**What to work on:** Write the data out in full and word for word. Do not include images.

**Dataset content:**

• • • •

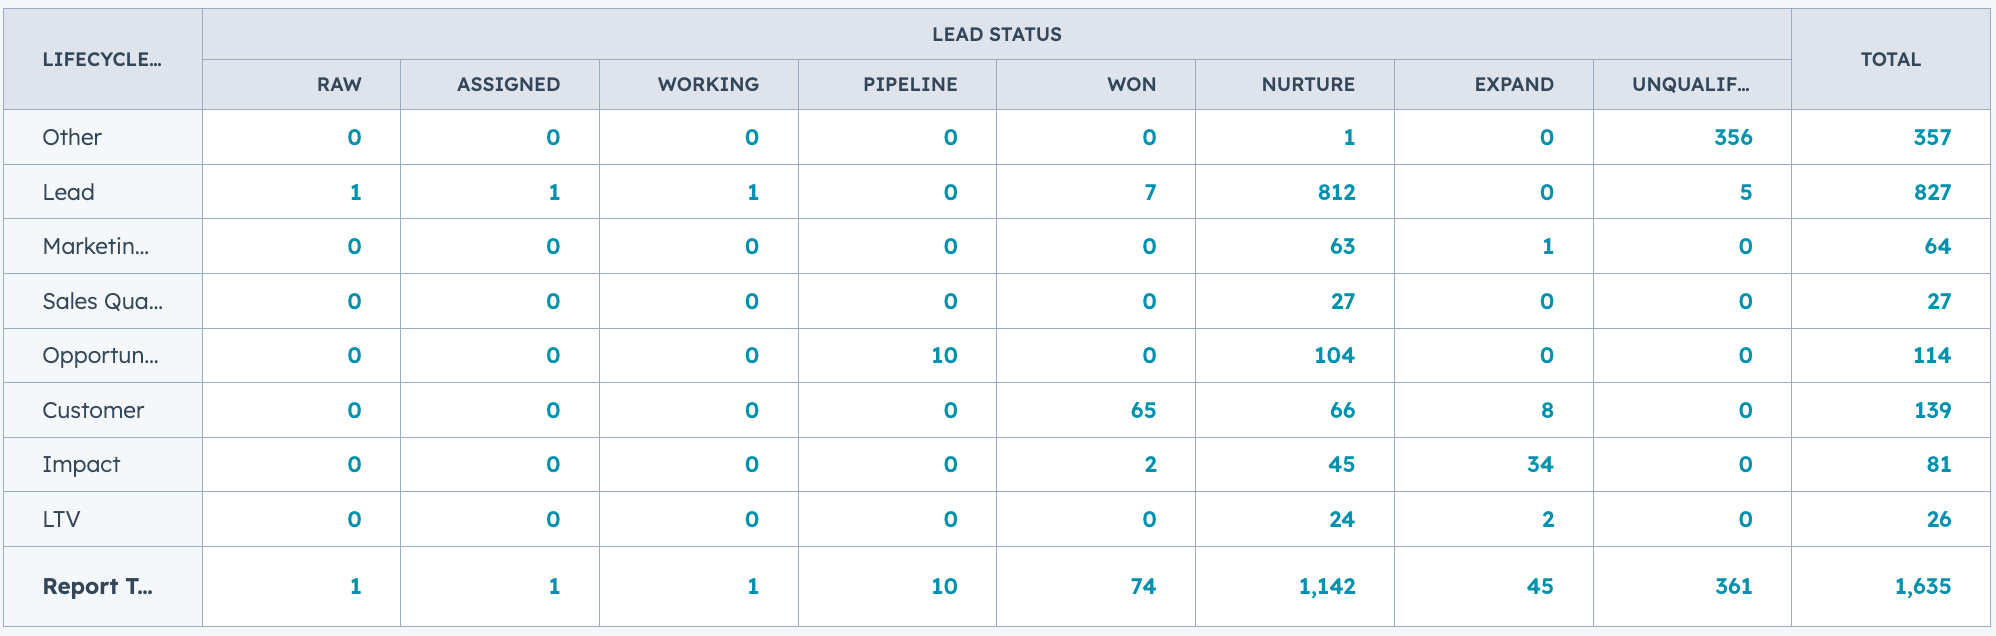 Lead Status and Lifecycle Stage
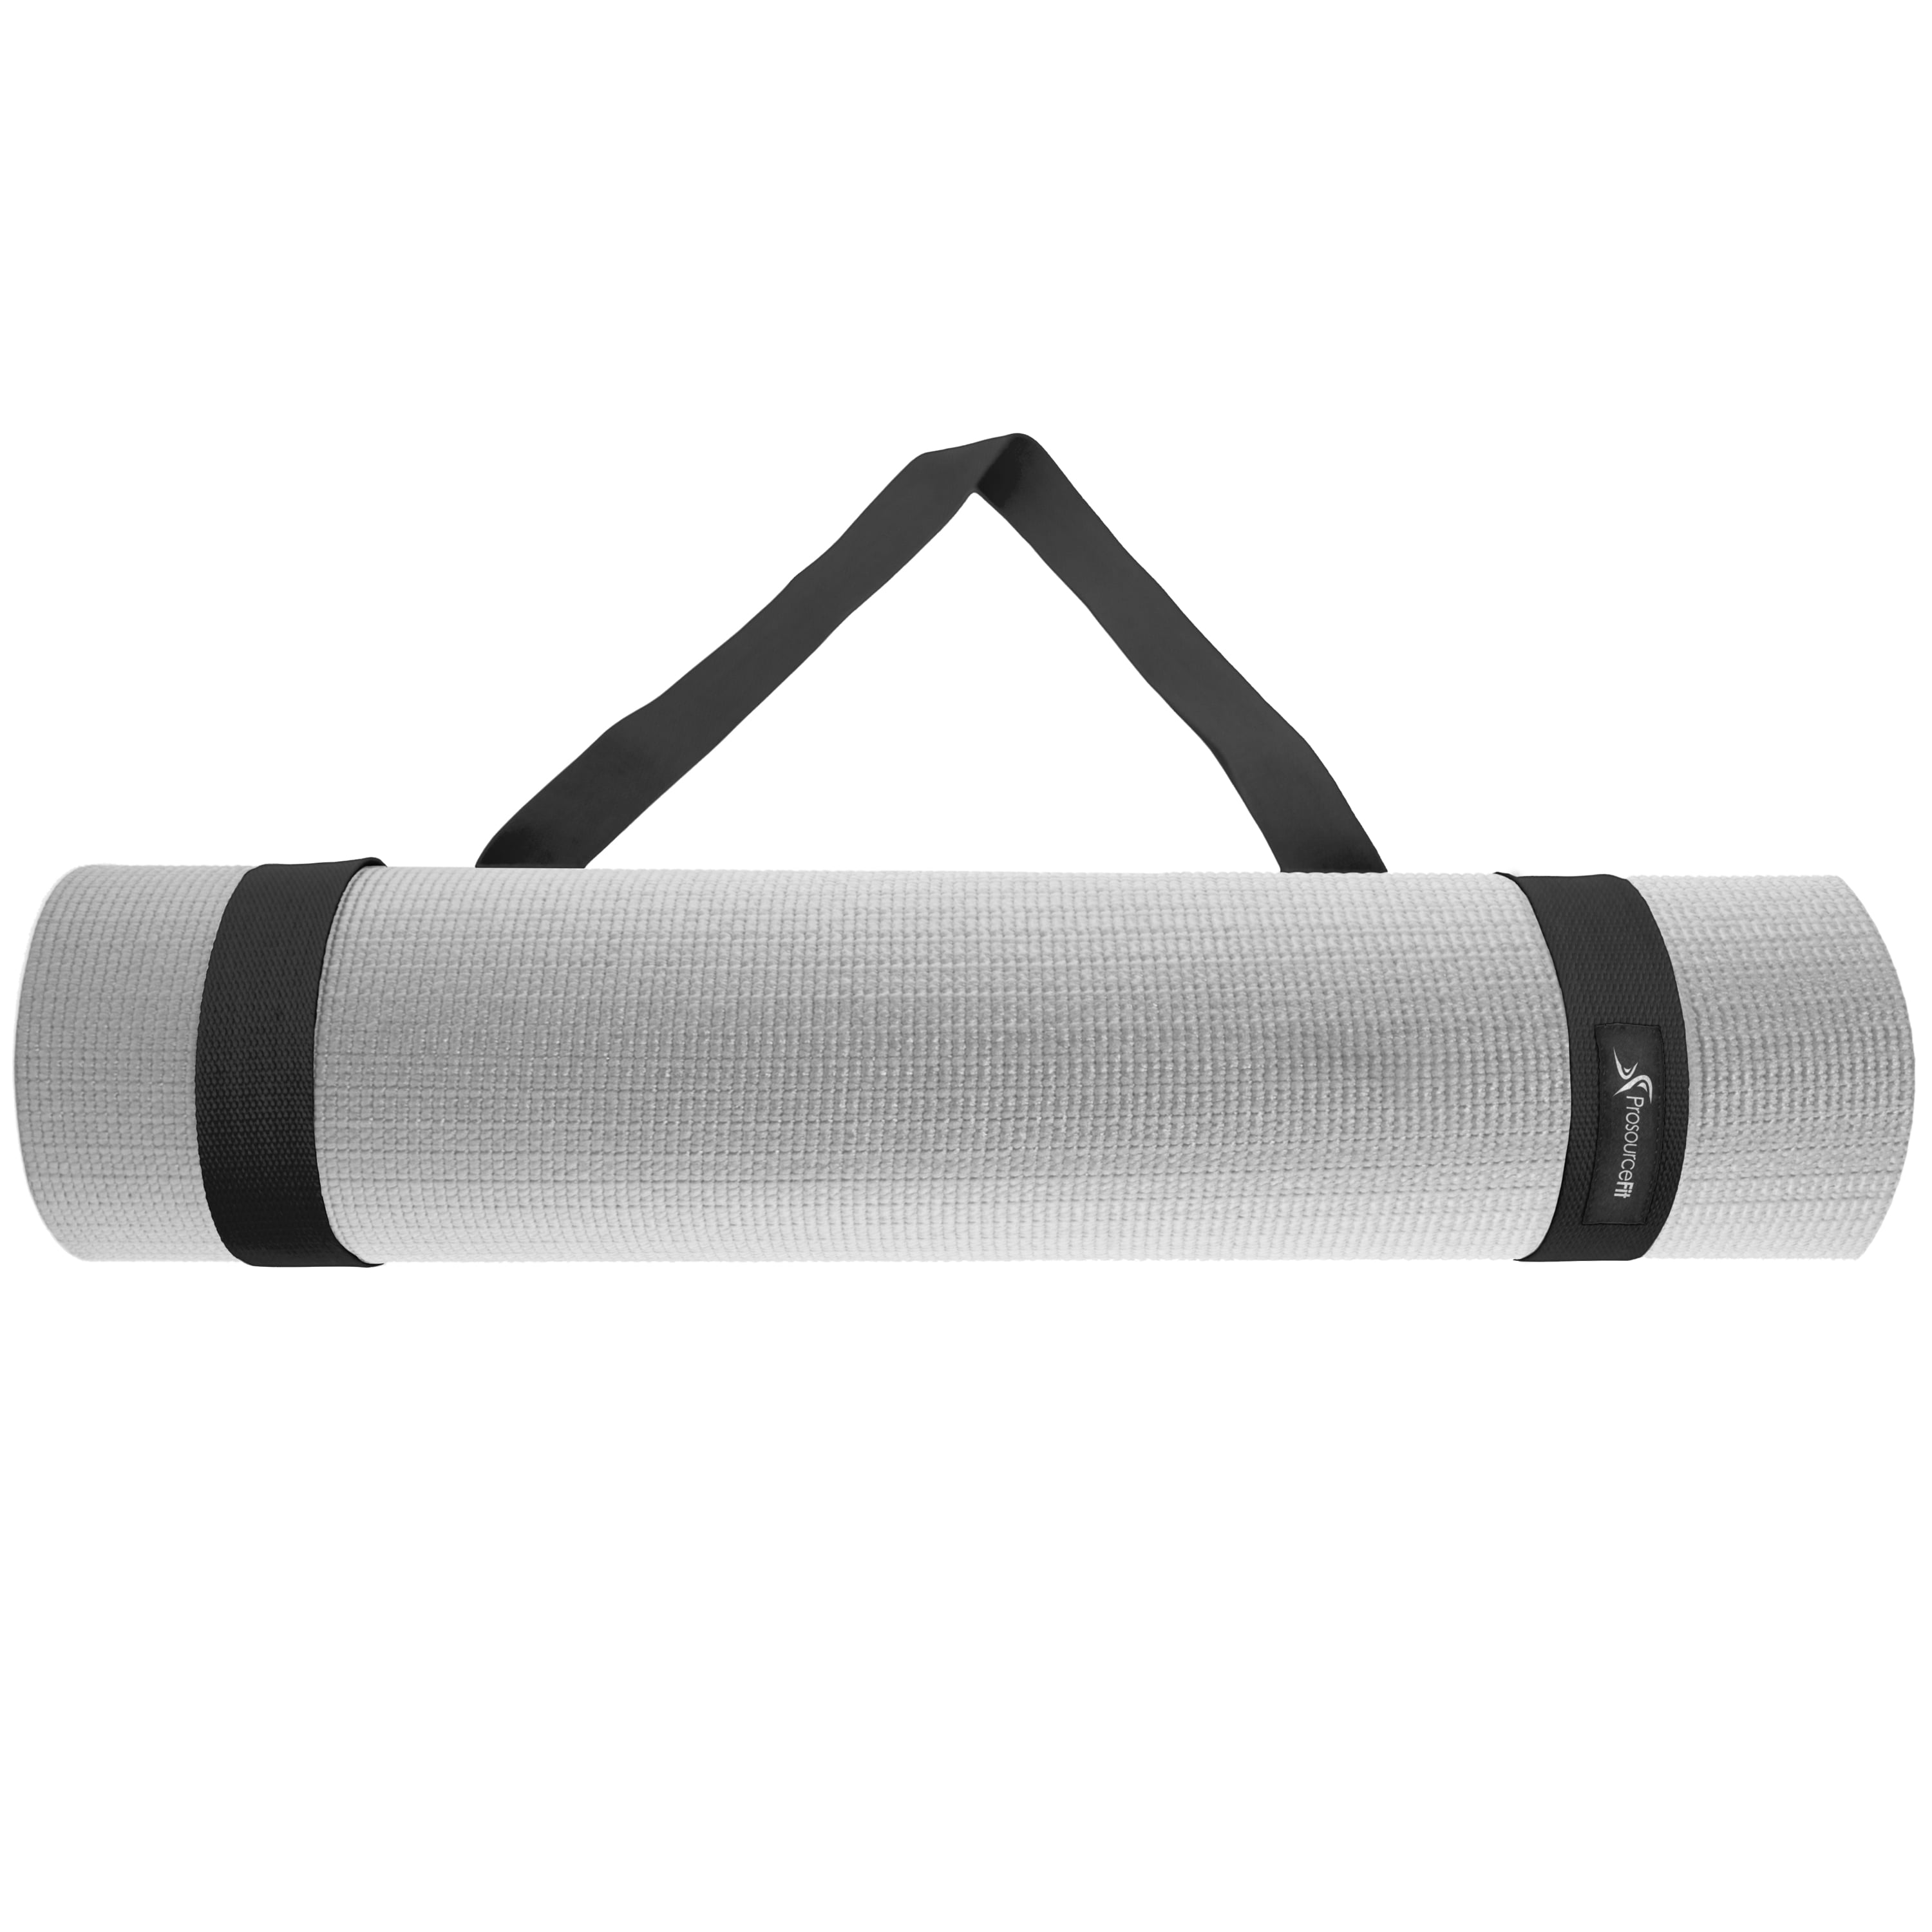 Easy-Cinch Yoga Mat Sling Adjustable and Durable Yoga Mat Carrier & Stretching Strap， The Must-Have Multi-Purpose Straps for Your Yoga Mat and Exercise Mat sur Yoga Mat Strap 5Colors
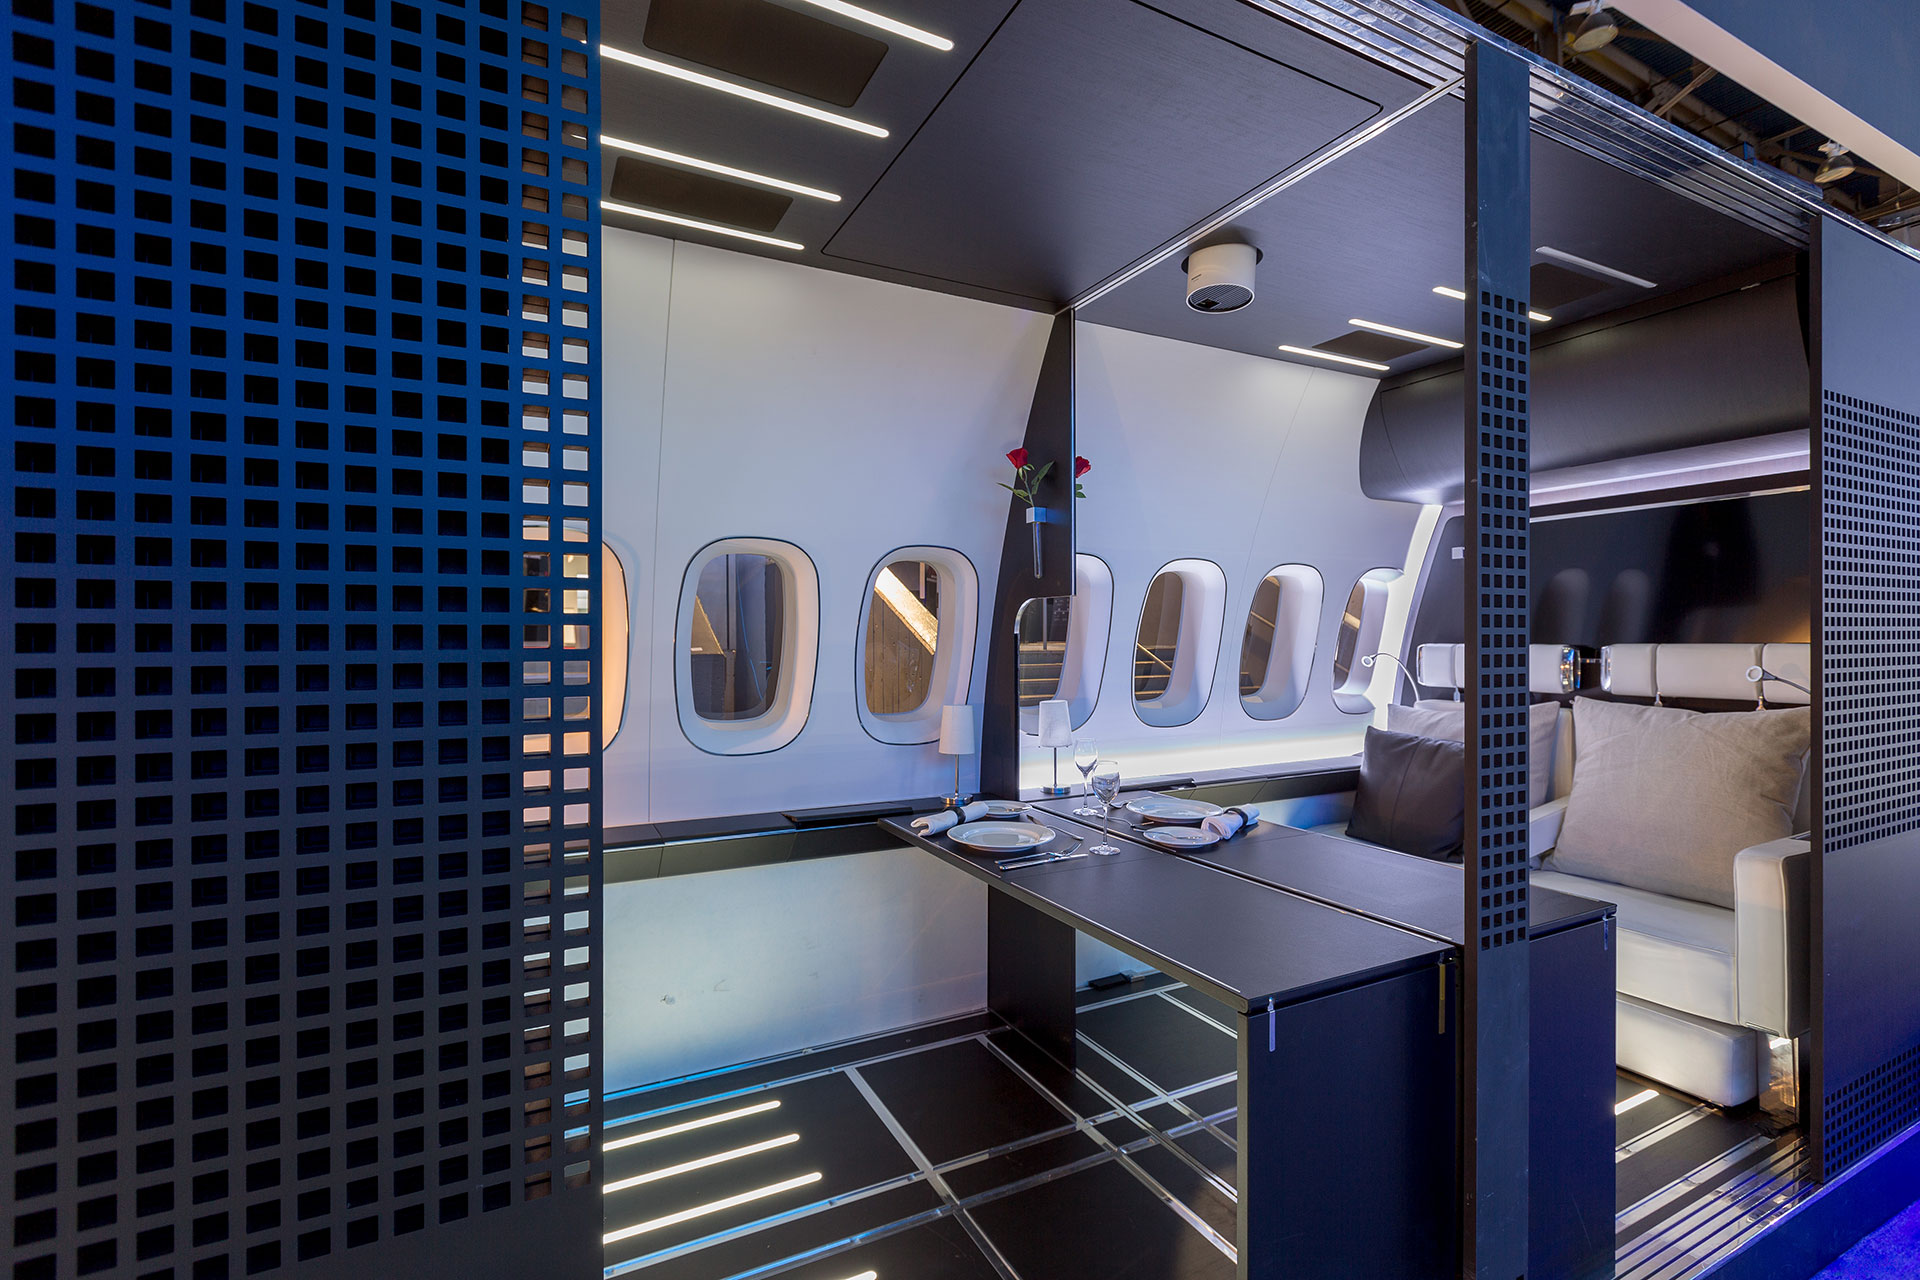 Replica of a First-class aircraft cabin as a trade show exhibit at CES 2016 with dinnerware laid out on a black table with white walls shot from the outside looking in.

• • • •

**Answer:**
 Lead Status and Lifecycle Stage
 Easy-Cinch Yoga Mat Sling Adjustable and Durable Yoga Mat Carrier & Stretching Strap， The Must-Have Multi-Purpose Straps for Your Yoga Mat and Exercise Mat sur Yoga Mat Strap 5Colors
 Replica of a First-class aircraft cabin as a trade show exhibit at CES 2016 with dinnerware laid out on a black table with white walls shot from the outside looking in.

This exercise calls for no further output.